Data records Start Marker
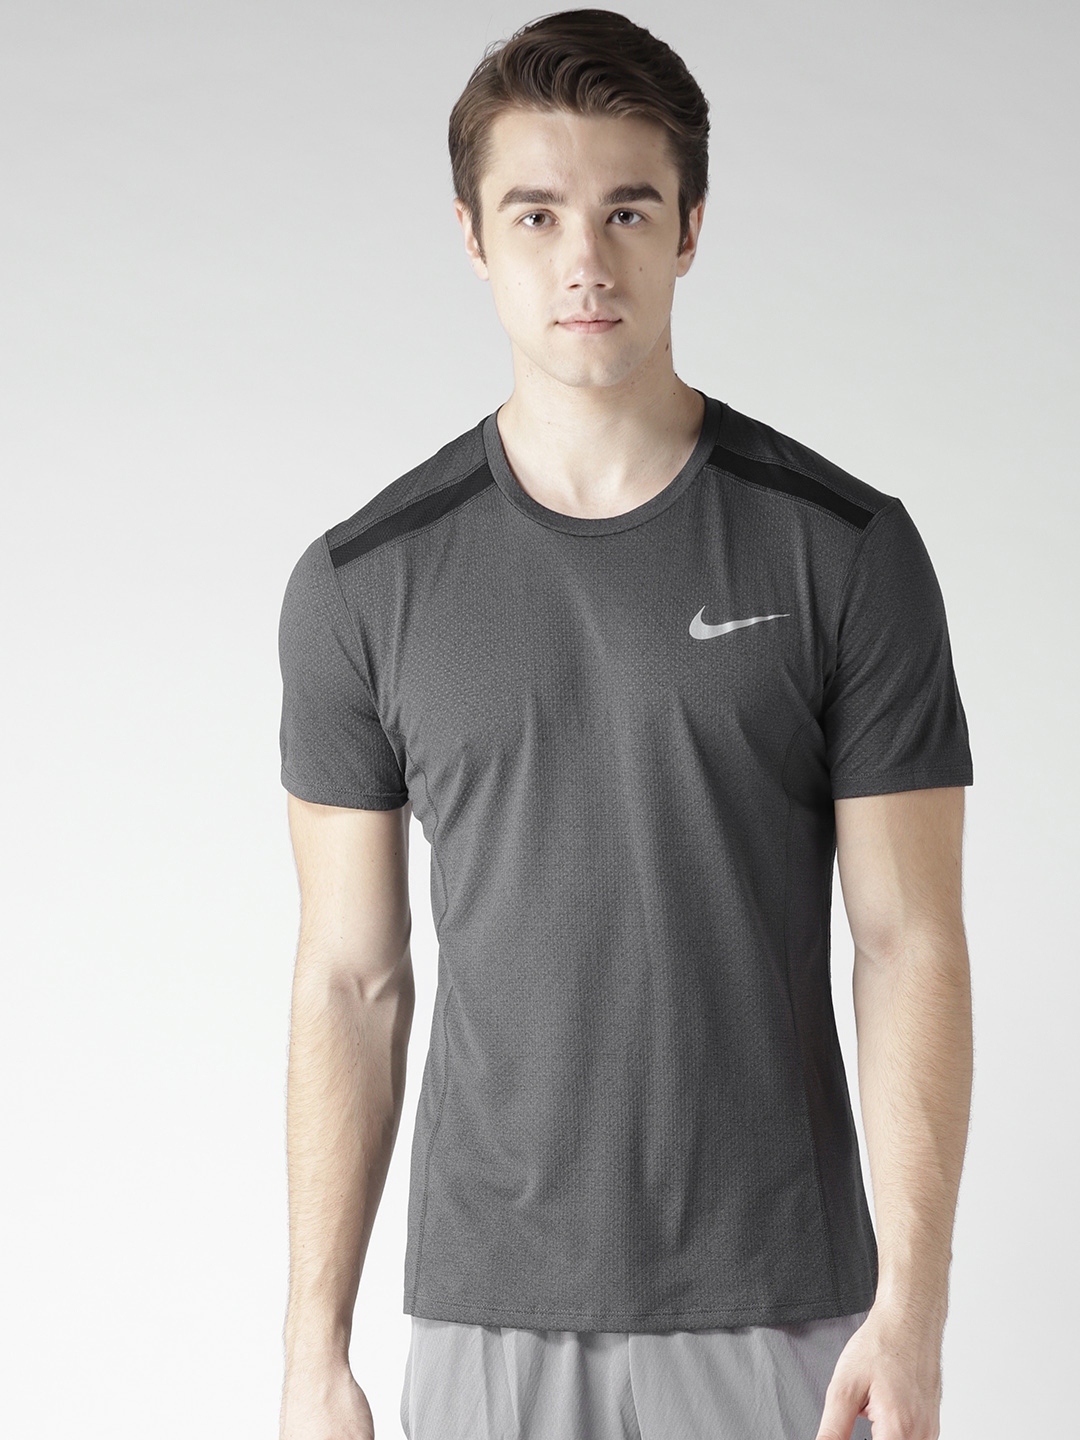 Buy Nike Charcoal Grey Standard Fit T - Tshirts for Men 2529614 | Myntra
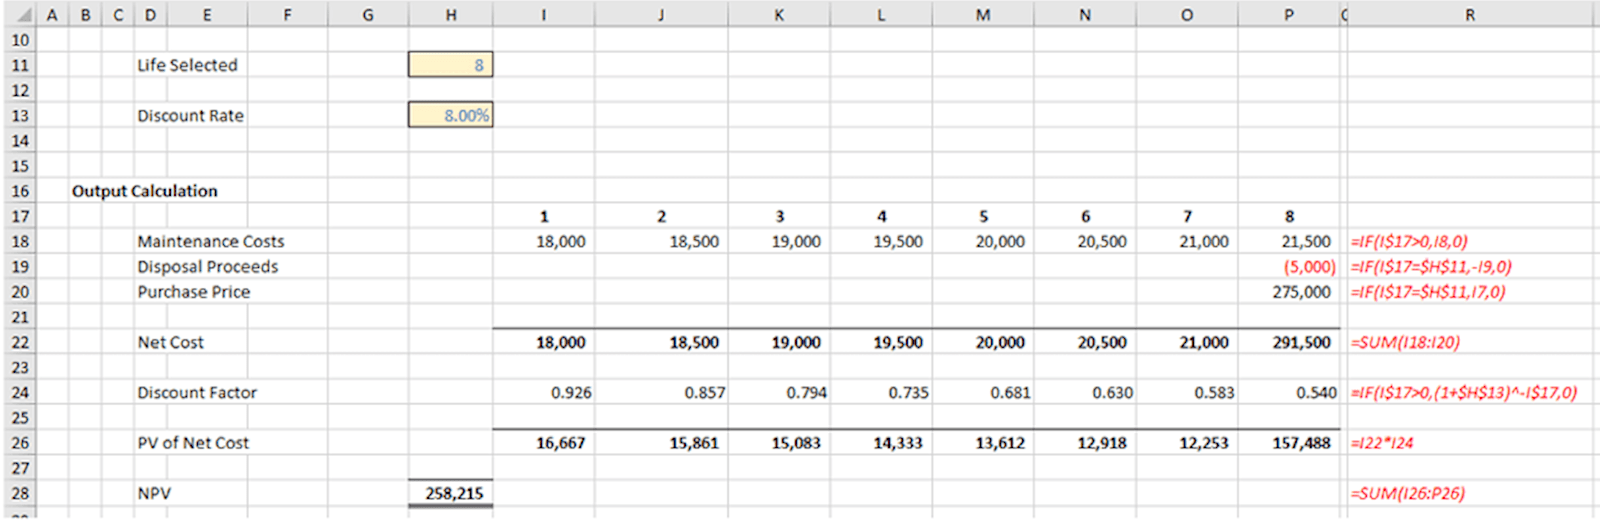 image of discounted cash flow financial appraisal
Data records End Marker
Data records Start Marker
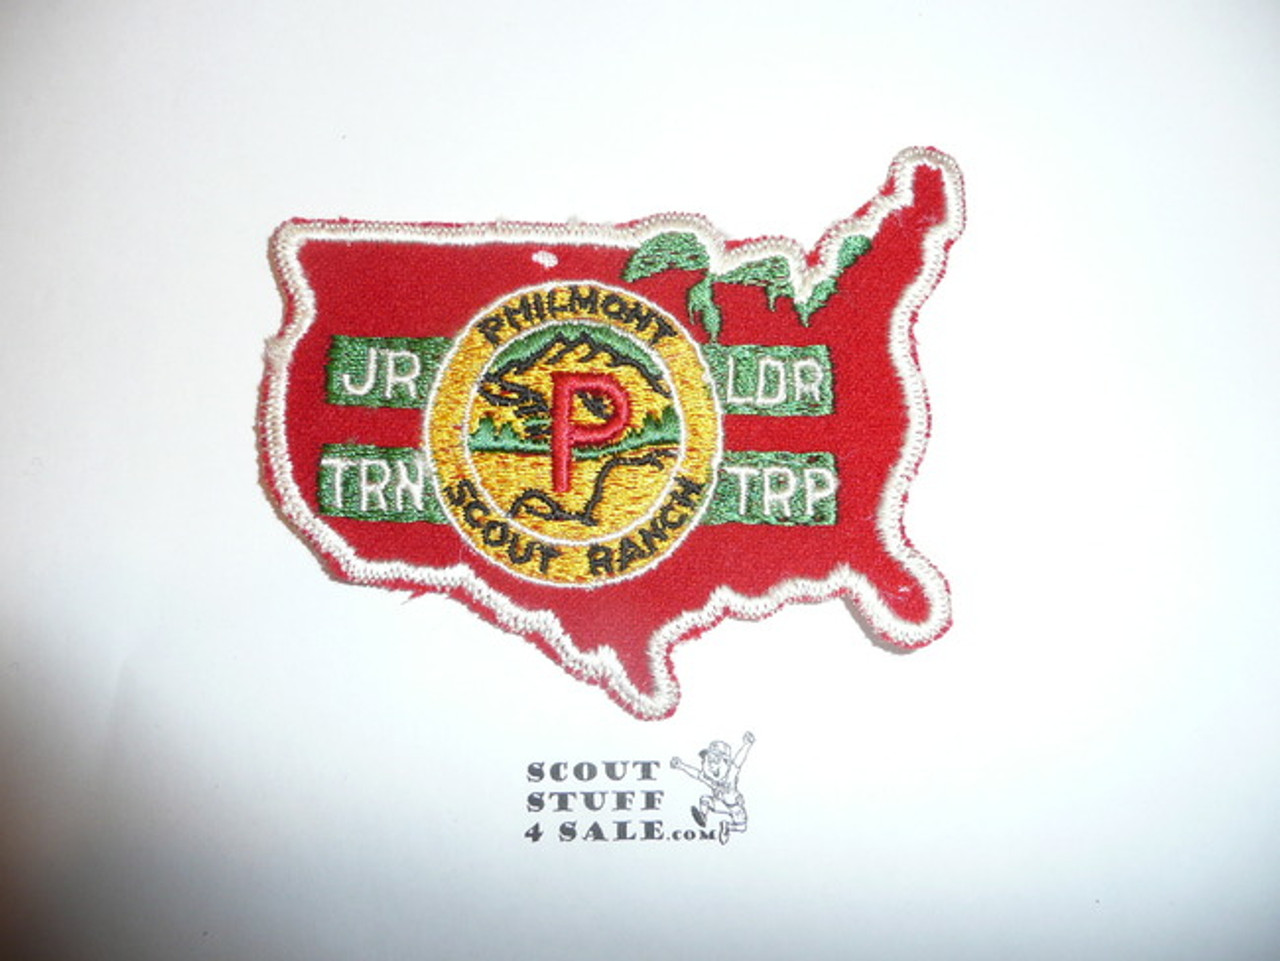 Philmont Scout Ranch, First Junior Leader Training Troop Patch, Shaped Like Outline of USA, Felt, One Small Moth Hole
Data records End Marker
Data records Start Marker
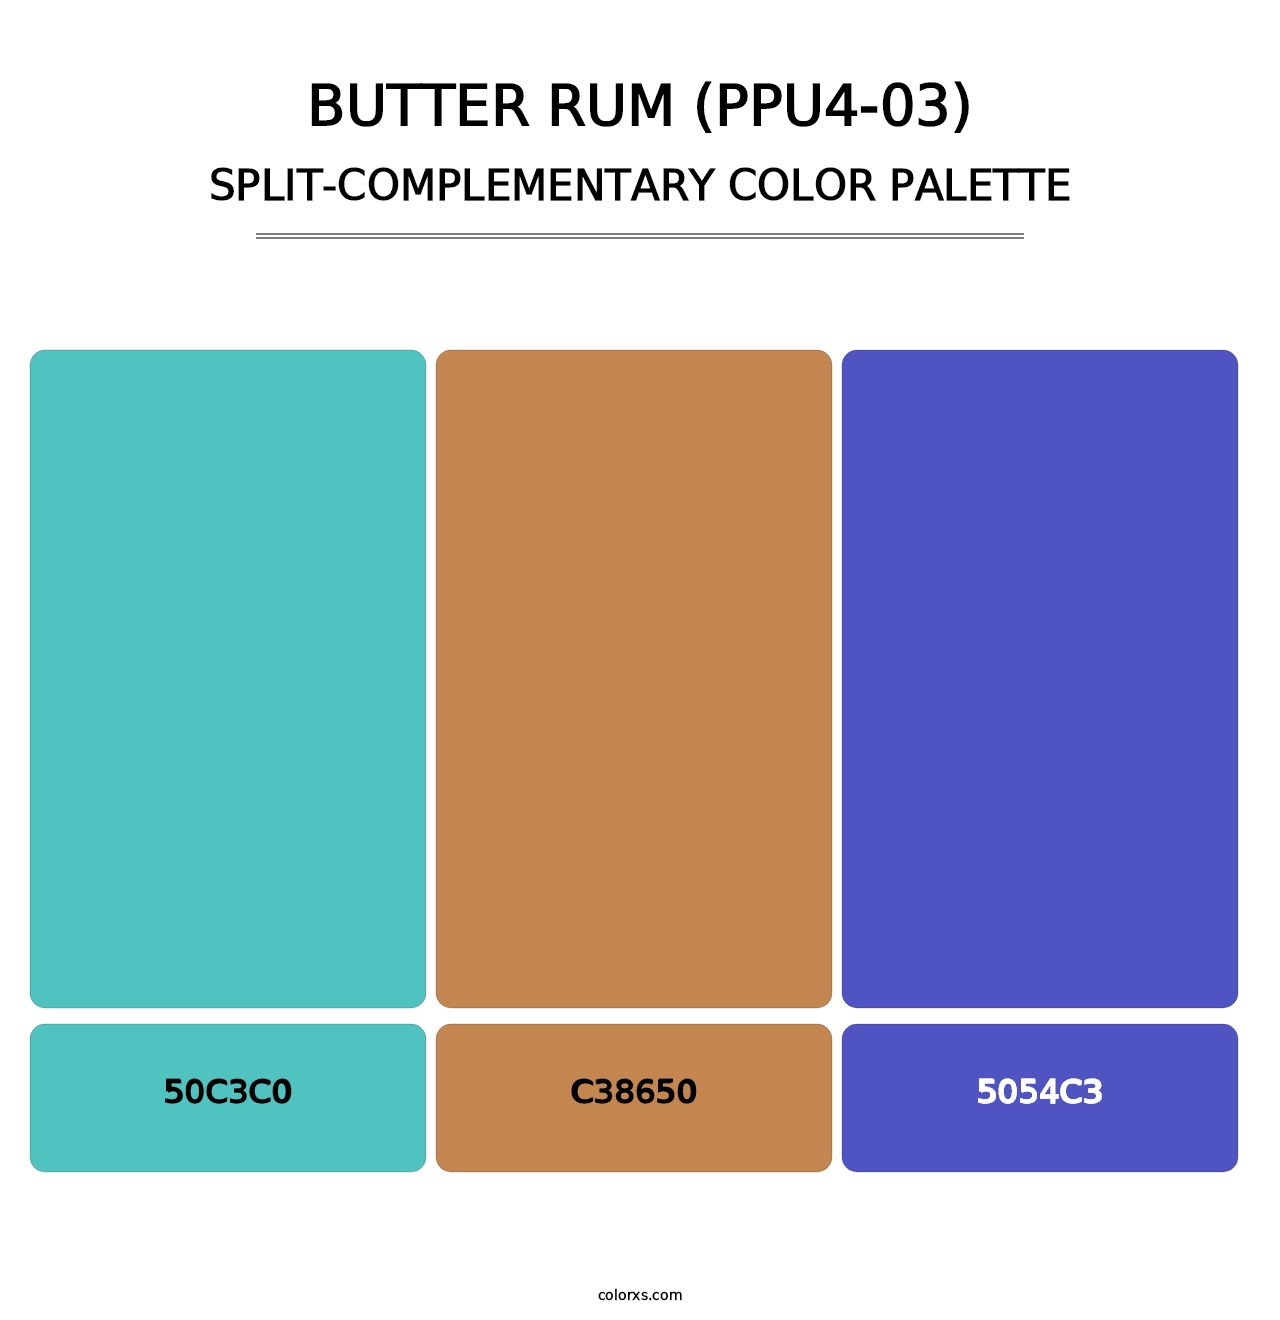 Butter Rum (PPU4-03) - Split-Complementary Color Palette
Data records End Marker
• Task statement: Your copy should hold only the lines above from the one containing "Buy Nike Charcoal" through the one containing "image of discounted", exactly as written and free of pictures.

• Solution to this task:
 Buy Nike Charcoal Grey Standard Fit T - Tshirts for Men 2529614 | Myntra
 image of discounted cash flow financial appraisal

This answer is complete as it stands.